El que sea el primer gobierno, desde la dictadura, que no tenga mujeres en el ministerio, es solo una expresión de la gang (banda) que asalta al poder en Brasil: hombres blancos, adultos, machistas, involucrados, en su gran mayoría, en procesos de corrupción, con trayectoria políticas indefendibles.  Que el primer escándalo del gobierno Temer, con la revelación de grabaciones hechas entre ellos mismos, revele que el golpe fue tramado para buscar frenar las investigaciones de corrupción, con la caída de uno de los principales coordinadores del golpe y del gobierno Temer –Romero Jucá-, confirma el sentido inmediato del golpe. Todo esto después de que el principal coordinador del golpe, Eduardo Cunha, también fuera suspendido de su cargo de presidente de la Cámara de Diputados.
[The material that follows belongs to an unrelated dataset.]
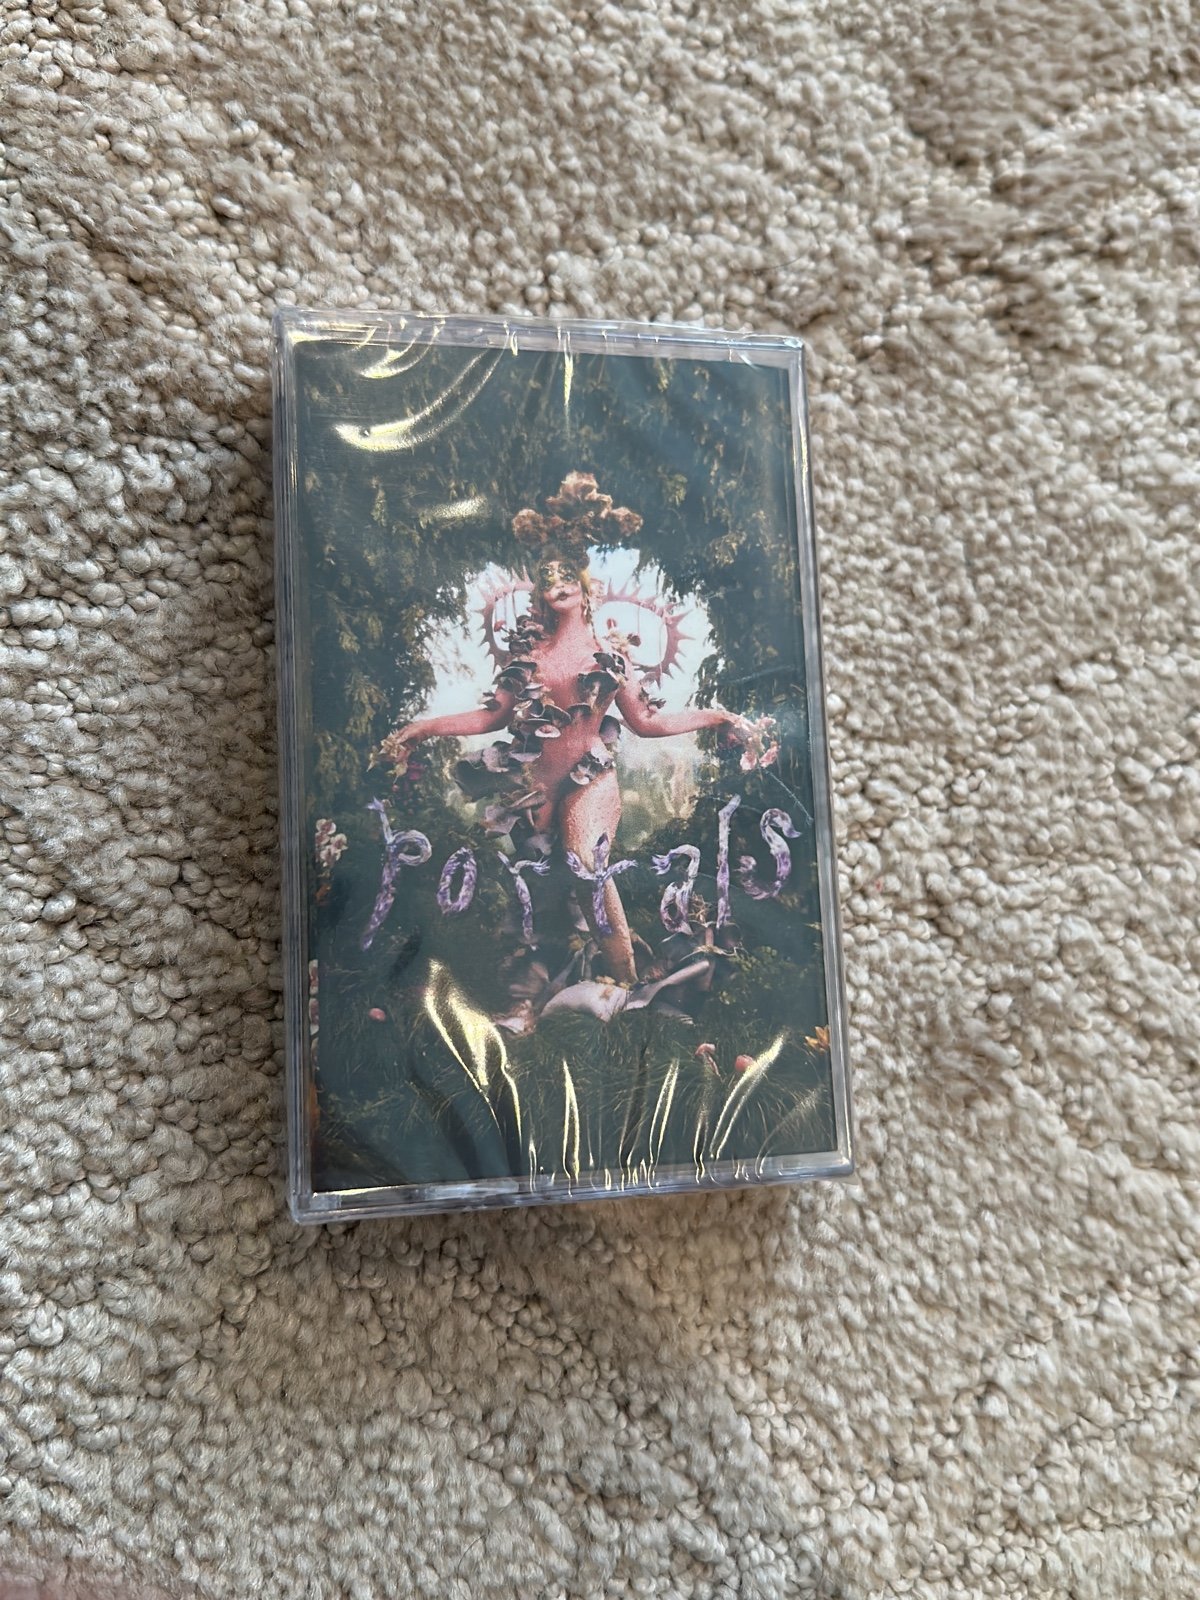 melanie martinez portals cassette coral pink swirl /3000 spotify exclusive AqW7R25P5

Es realmente una gang aventurera, que se lanza al asalto al Estado, colocándose al servicio de los grandes empresarios, de EEUU, de los medios de información decadentes, para desalojar el PT del gobierno, buscar protegerse de los casos de corrupción en que están comprometidos y prestar un gran servicio a los grandes empresarios. Temer ya afirmó que no le importa la popularidad –que nunca tuvo, ni nunca tendrá–, cree que presta un servicio al país, “poniendo las cosas en su lugar”, es decir, todo al servicio del mercado.
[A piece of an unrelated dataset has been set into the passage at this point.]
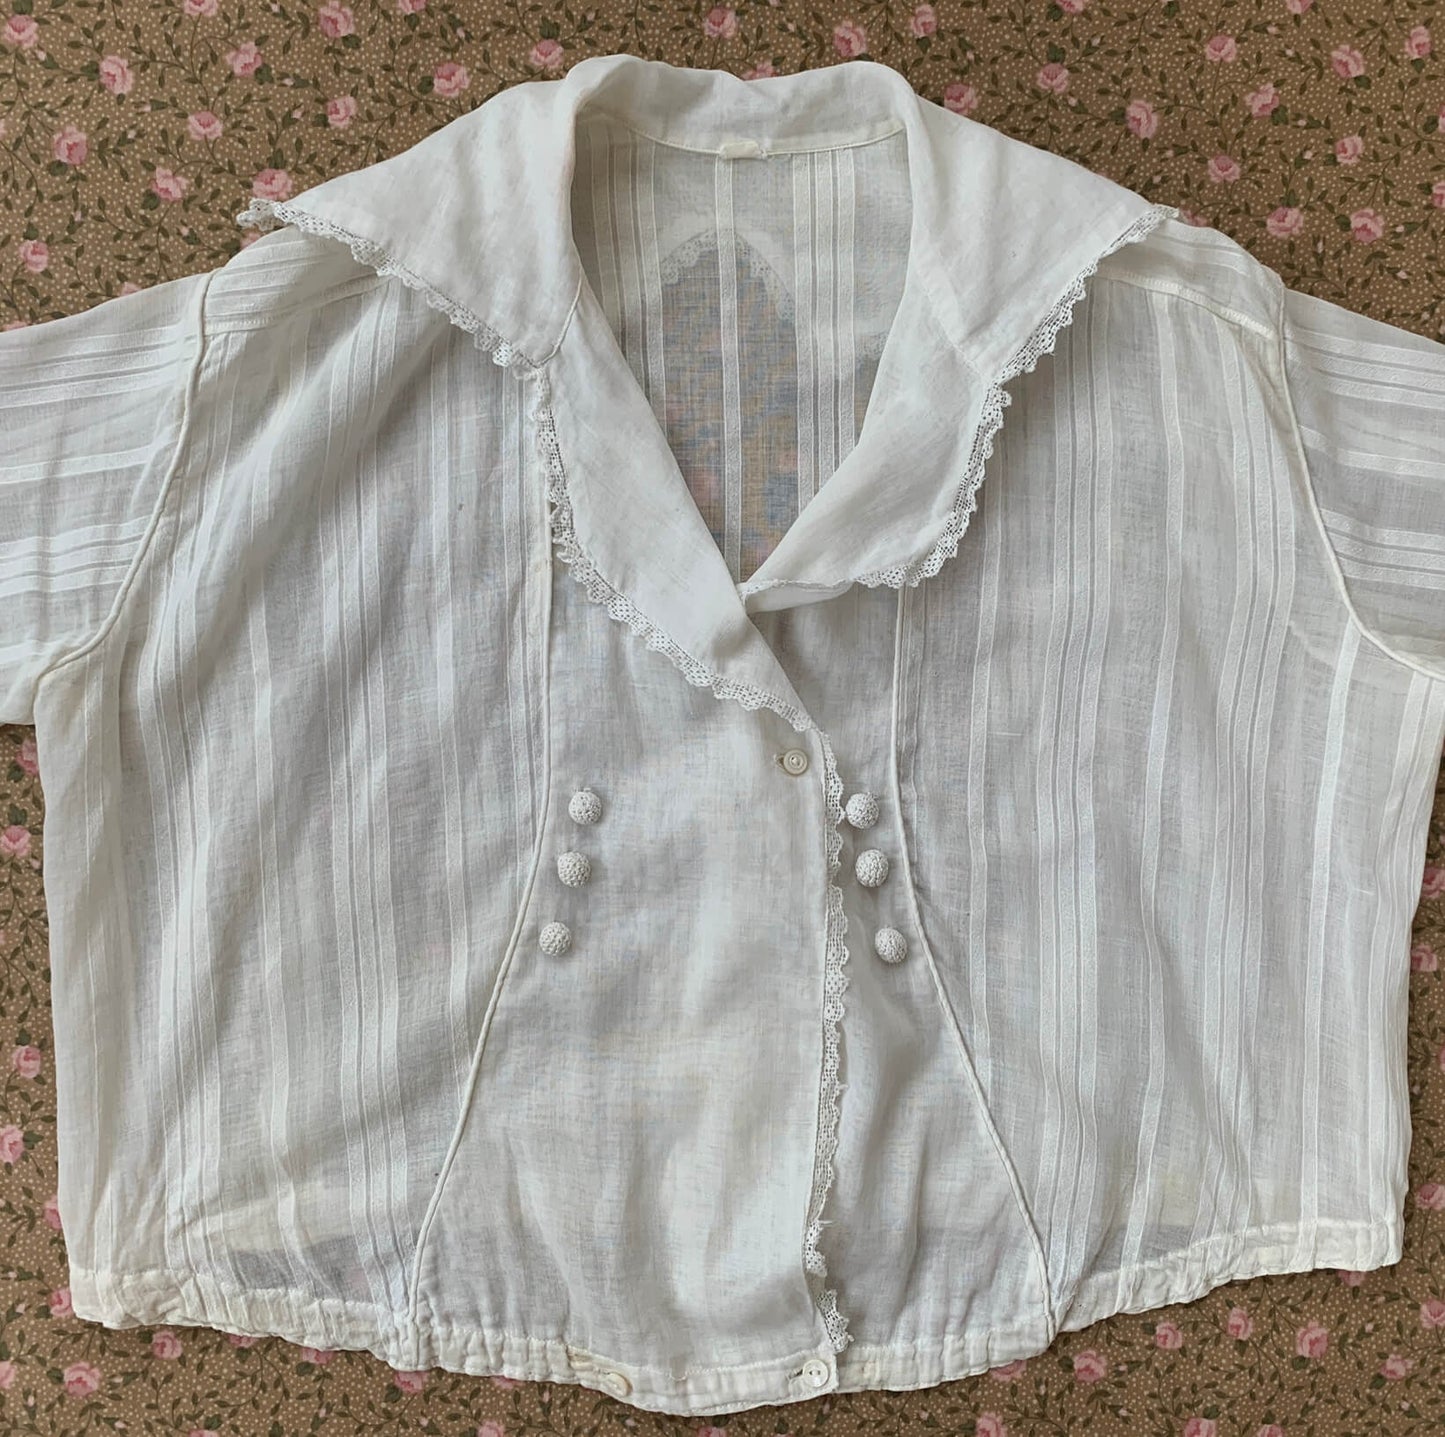 Flat view of white cotton antique shirt

Pero toda esa operación golpista, además de los rollos entre ellos mismos, como van revelando nuevas grabaciones, y del carácter profundamente antipopular, antidemocrático y  antinacional de las medidas que el gobierno va anunciando, encuentra su obstáculo mayor en la más grande ola de manifestaciones populares que Brasil jamás ha vivido.

Jóvenes, mujeres, movimientos musicales negros de las periferias, hinchadas del futbol, movimientos culturales – que han ocupado las instalaciones del ministerio de cultura en las 27 provincias del país -, entre tantos otros, copan diariamente las calles del país en marchas de denuncia del golpe, unificadas por el “Fuera Temer”. El mismo Temer se ha vuelto el hombre más odiado del país, no puede salir de su bunker en Brasilia, tuvo que huir de su casa en São Paulo, cercada por manifestantes populares y sus mismos vecinos. Hasta cuando fue al Congreso a presentar su plan de ajuste fiscal, fue abucheado con el coro de “golpista”.

¿Qué puede pasar en un país tan convulsionado, en el que la crisis solo se profundiza con el gobierno interino de Michel Temer? El Senado tiene que refrendar todavía el alejamiento de la presidencia de Dilma, que mientras tanto circula por el país y por manifestaciones populares, con un apoyo que nunca había tenido antes, mientras Temer es repudiado por todos lados.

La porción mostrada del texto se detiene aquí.